The soft litany washed over like the sweetest of songs, soaking into her flesh, her soul, her very being. She wanted so much to believe him, and that was why she was afraid to, afraid she would let her own desires convince her.
When she didn't speak, he began those gentling caresses again.
"Jessie really did a number on you, didn't she? She made you feel so unloved and unwanted that you still haven't gotten over it. Haven't you figured out yet that Jessie lied? Her whole life was a lie. Don't you know that Lucinda dotes on you? With Jessie dead, she was finally able to get to know you without Jessie's poison ruining everything, and she adores you." He picked up her hand and carried it to his lips, where he kissed each fingertip, then began nibbling on the sensitive pads.
"Jessie's been dead ten years. How long are you going to continue letting her ruin things for you?"
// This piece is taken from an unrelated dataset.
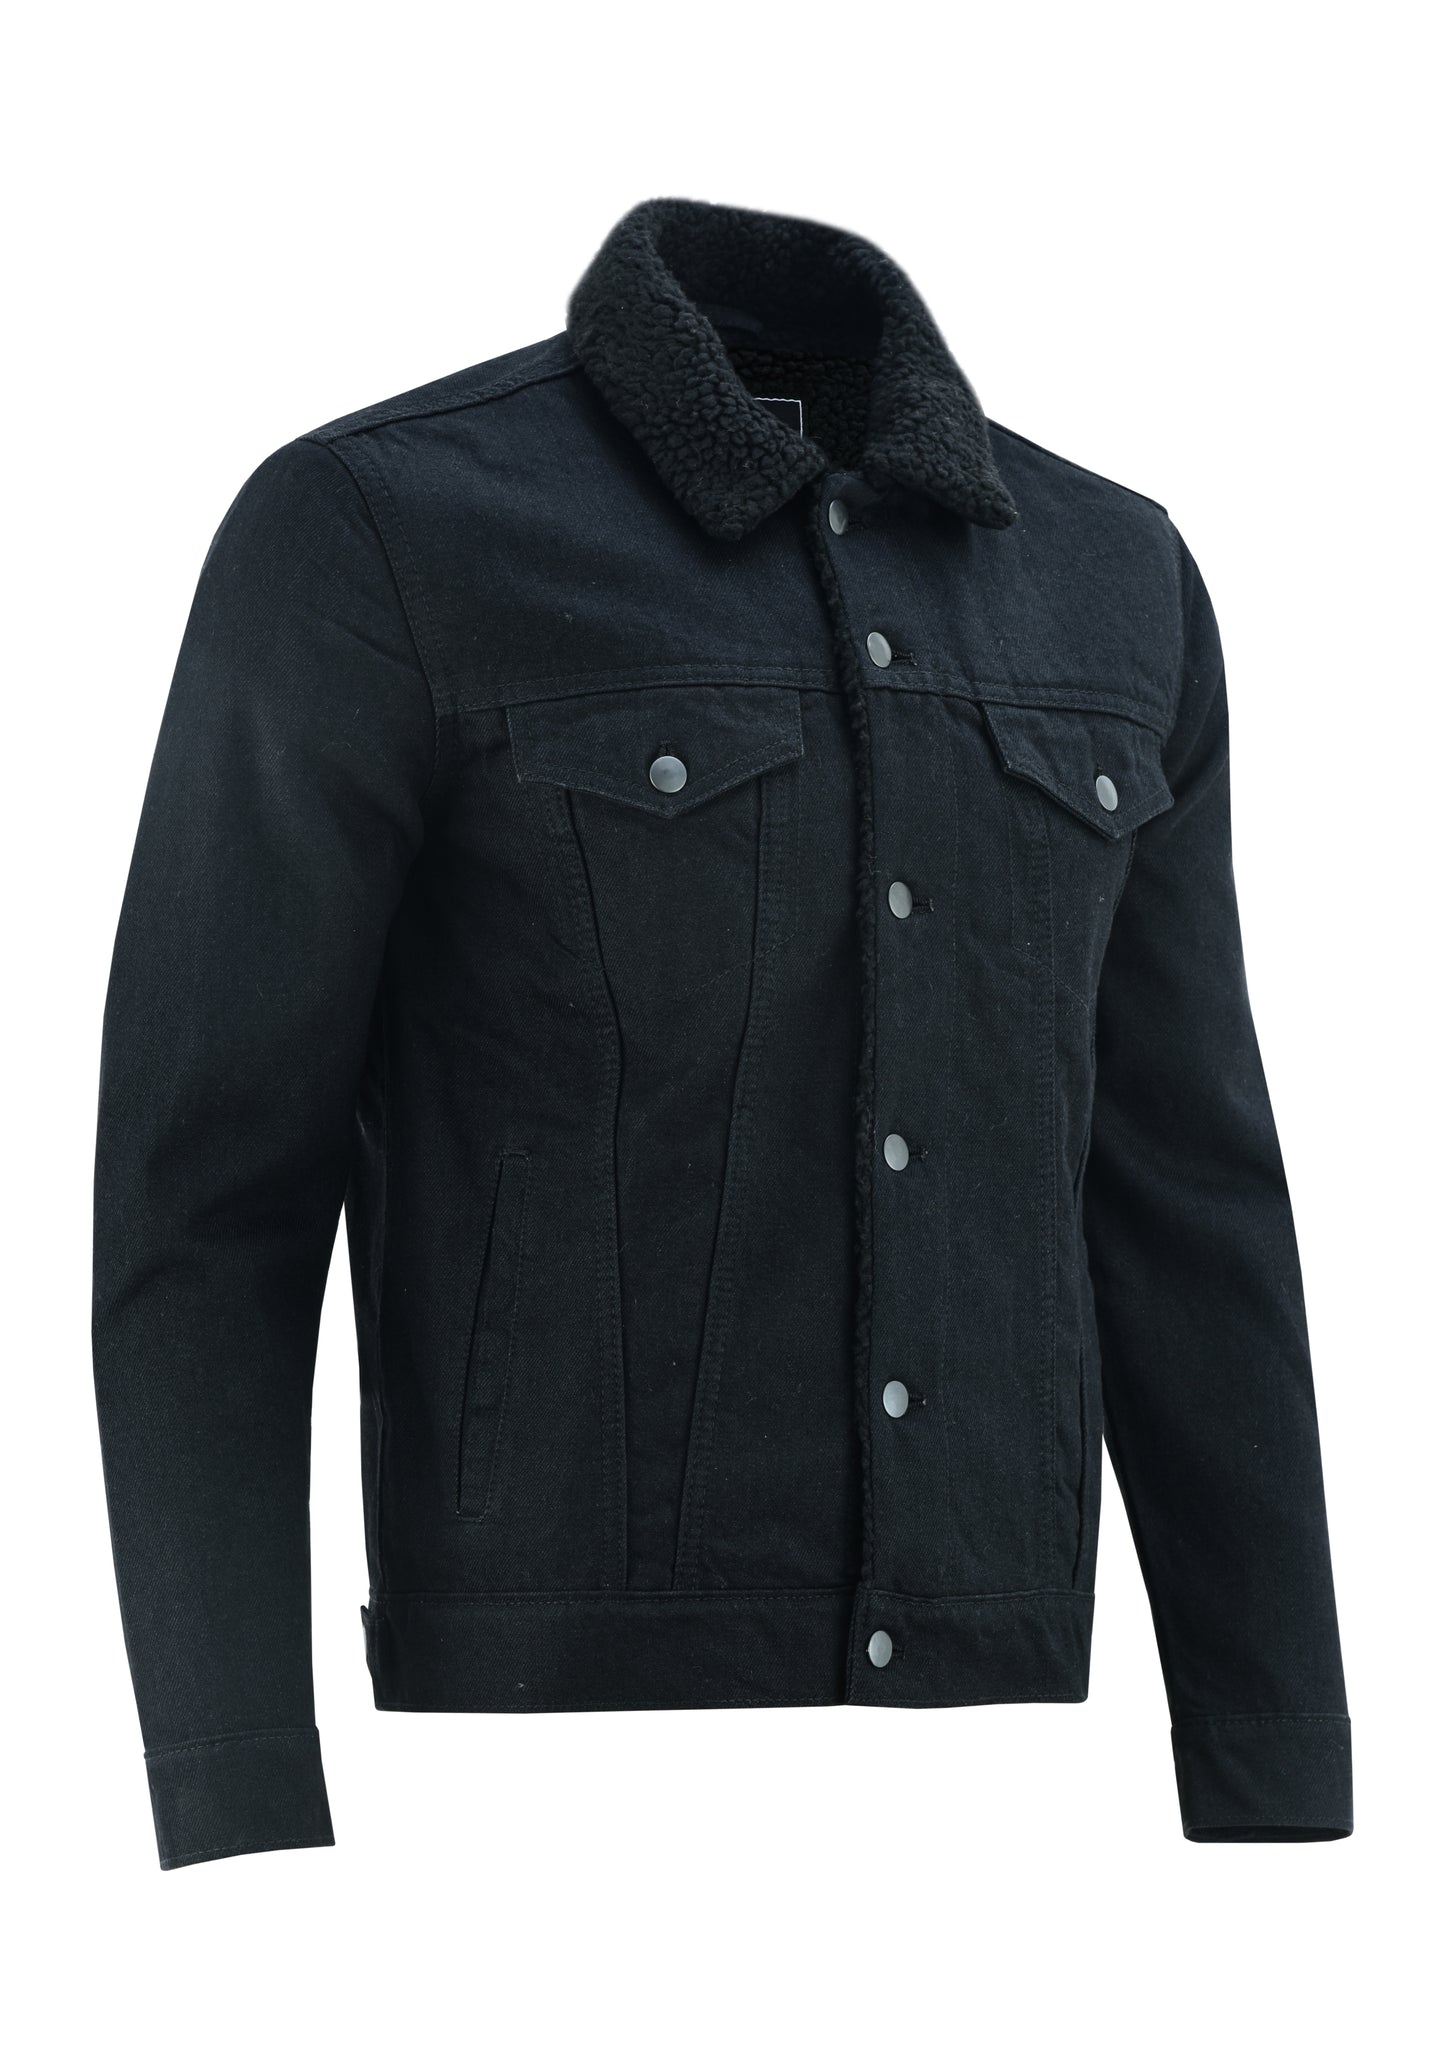 KS103 Black Denim Fur Jackets Hip-hop Style  Kanvos Sports

Roanna tilted her head back, searching his expression with solemn, wondering eyes. With a sense of amazement, she realized she had never seen him look more determined, or more intent. That hard face looking back at her was the face of a man who had made up his mind and was damn sure going to get what he wanted. He meant it. He didn't want to marry her because she would have Davencourt, because he could have had it without any strings. Lucinda would have honored her bargain. He didn't want to marry her because she might be pregnant As if he were reading her mind, and perhaps he was, he said, "I love you. I can't tell you how much, because the words don't exist. I've tried to count the ways, but I'm no
Browning. It doesn't matter if you're pregnant or not, I want to marry you because I love you. Period."
"All right," she whispered, and trembled at the enormity of the step she was taking, and from the joy that was blooming inside her.
Her breath whooshed out of her as he crushed her to his chest.
"You know how to make a man sweat," he said fiercely.